To date, 30 states and the District of Columbia now allow marijuana use for medical and/or recreational use. Additionally, 16 more states legalized the inclusion of cannabidiols (CBDs) to be used in various forms.
But even before states and local governments across the country started legalizing marijuana for recreational or medical use, it was having an impact on hiring and recruiting in the green industry. Employers who ignore the issue do so to their own detriment.
Recently, David Whitlock addressed these concerns and his thoughts on handling marijuana usage in the workplace are worth a read.
First, let’s break the issue down into two different components: recreational use versus medical use. So far, no state court system is refusing to acknowledge an employer’s right to prohibit impairment on the job. This means that landscape contractors can drug test on a pre-employment and random basis, and refuse to hire or terminate someone who is impaired by recreational marijuana use. This is likely going to continue to be the case so long as the federal government continues its current stand, making marijuana a controlled substance with limited medical value. So, as a practical matter, landscape contractors should continue pre-employment and random drug testing even in states that have legalized recreational marijuana use.
One problem that may arise is determining impairment. Here, landscape contractors should work closely with their occupational medicine clinic. If at all possible, contractors should not make an impairment determination on their own, but instead should rely upon an evaluation by a medical professional. This is also important because impairment and drug testing results do not correlate well. In other words, an individual may test positive for marijuana use days or even weeks after impairment. This makes it all the more critical for landscape contractors to rely upon the independent impairment determination of a qualified medical professional. Note that this is only necessary in states that have legalized use of marijuana. In other states, landscape contractors can rely upon the drug-testing results, and make the decision not to hire or to terminate the individual.

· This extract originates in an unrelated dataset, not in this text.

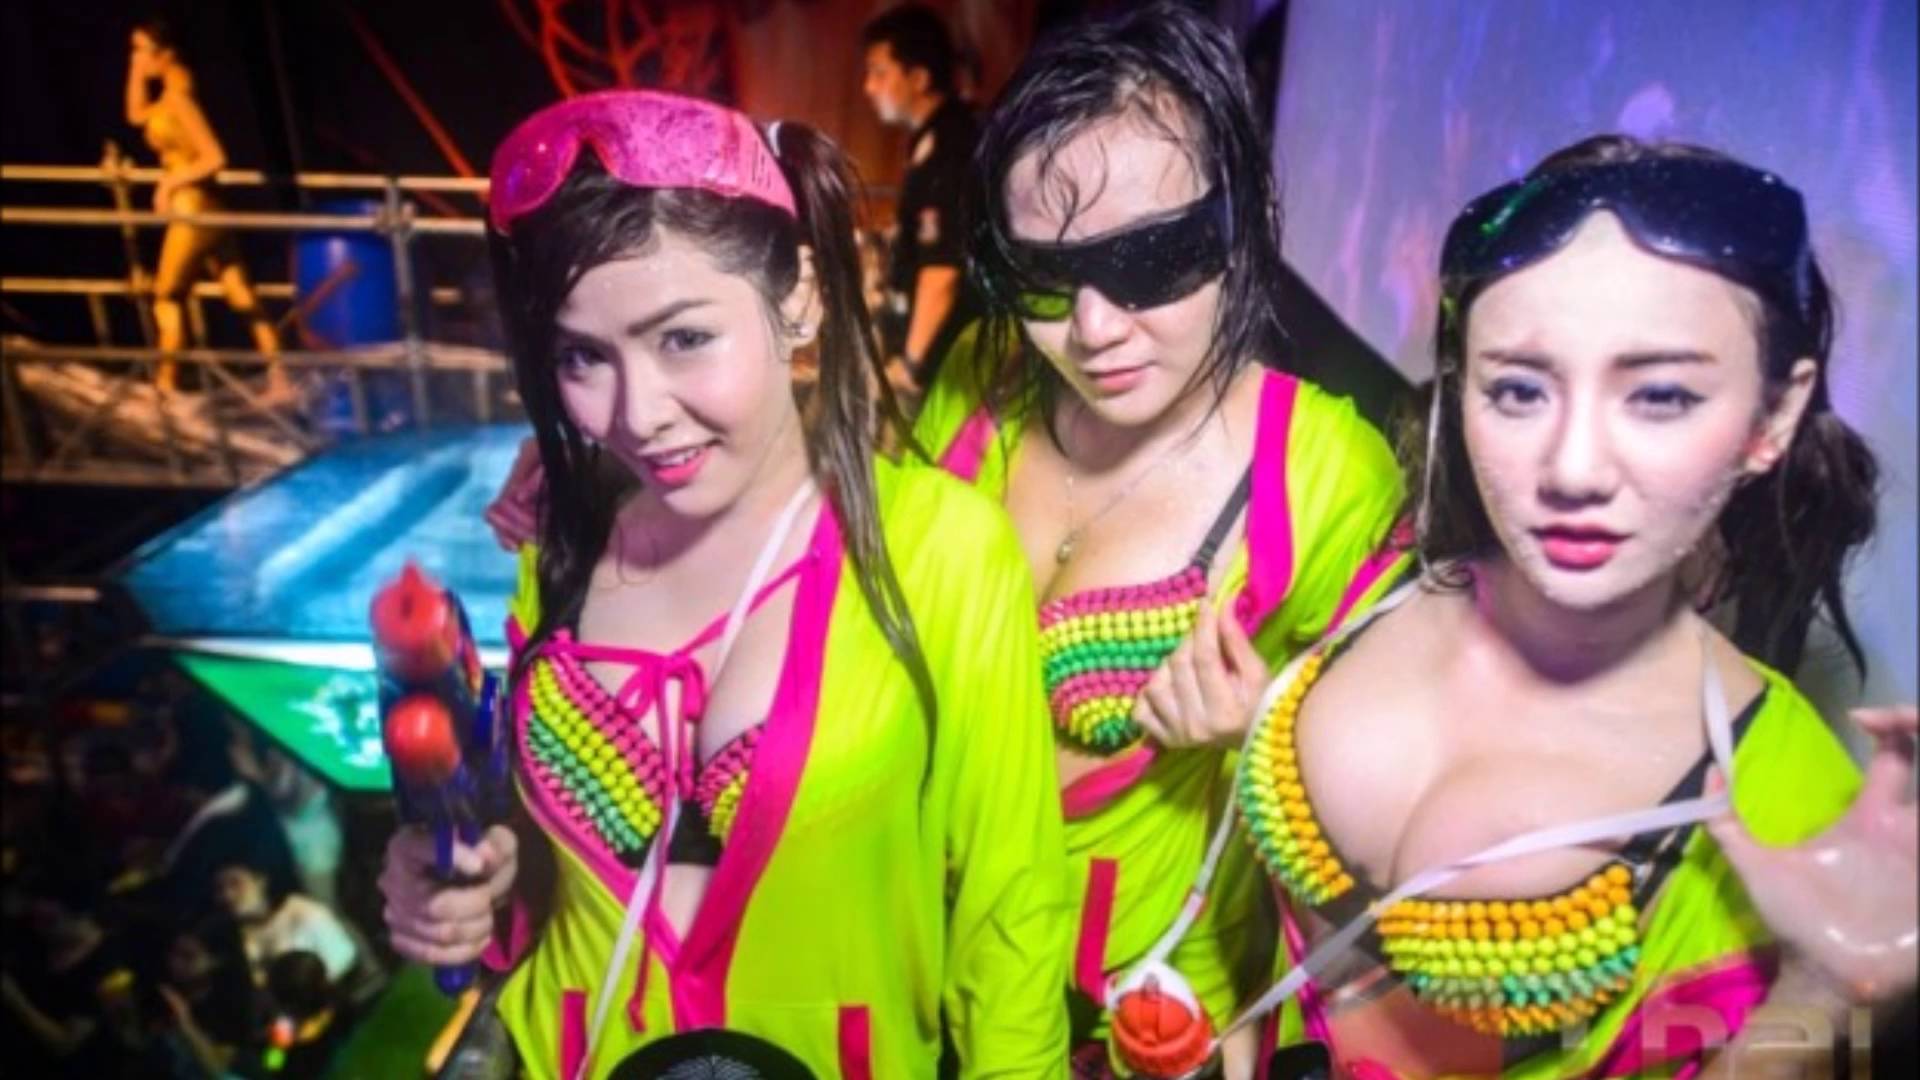 Bangkok Girls nightlife - YouTube.

In states that have sanctioned medical use of marijuana, the situation is slightly different. In most cases, the individual indicates before testing that he or she is a medical marijuana user, and usually presents a medical card issued by the state of documentation from a physician. Last summer, a Massachusetts court held that an employee who acknowledged medical use of marijuana and was terminated for a positive drug test could state a claim for disability discrimination. In essence, the court said that the employer must go through the disability claim process, using the reasonable accommodation analysis, before taking final action.
As part of the reasonable accommodation analysis, the employer may claim that the accommodation the individual seeks would impose an undue burden. The Massachusetts court noted that, if the employer is subject to Department of Transportation drug-free workplace regulations, or can otherwise prove that the individual’s medical use of marijuana would impair performance or pose an unacceptably significant safety risk to the public, the individual or co-workers, the employer’s undue burden claim would prevail.
Here, again, close cooperation with an occupational medicine clinic is paramount. A medical professional may be the landscape contractor’s best defense against a wrongful termination claim. The defense is strengthened if the medical professional understands and takes into consideration the performance impairment issue, but also if the medical professional understands the safety risk created by continued employment.
The bottom line for landscape contractors is know your state law. In states where no marijuana reform legislation has been enacted, test and rely upon the test results. In states where medical marijuana is legal, test but follow the disability claims analysis if the individual asserts medical use. Again, make certain to work closely with a medical professional who is well aware of the individual’s job and safety factors. In states that have also legalized recreational use, work closely with the medical professional to obtain an independent impairment determination.
Of course, none of this guarantees drug-free workers, but at least it is safer to refuse to hire or terminate impaired workers, and avoid wrongful termination lawsuits even in states that are legalizing marijuana use.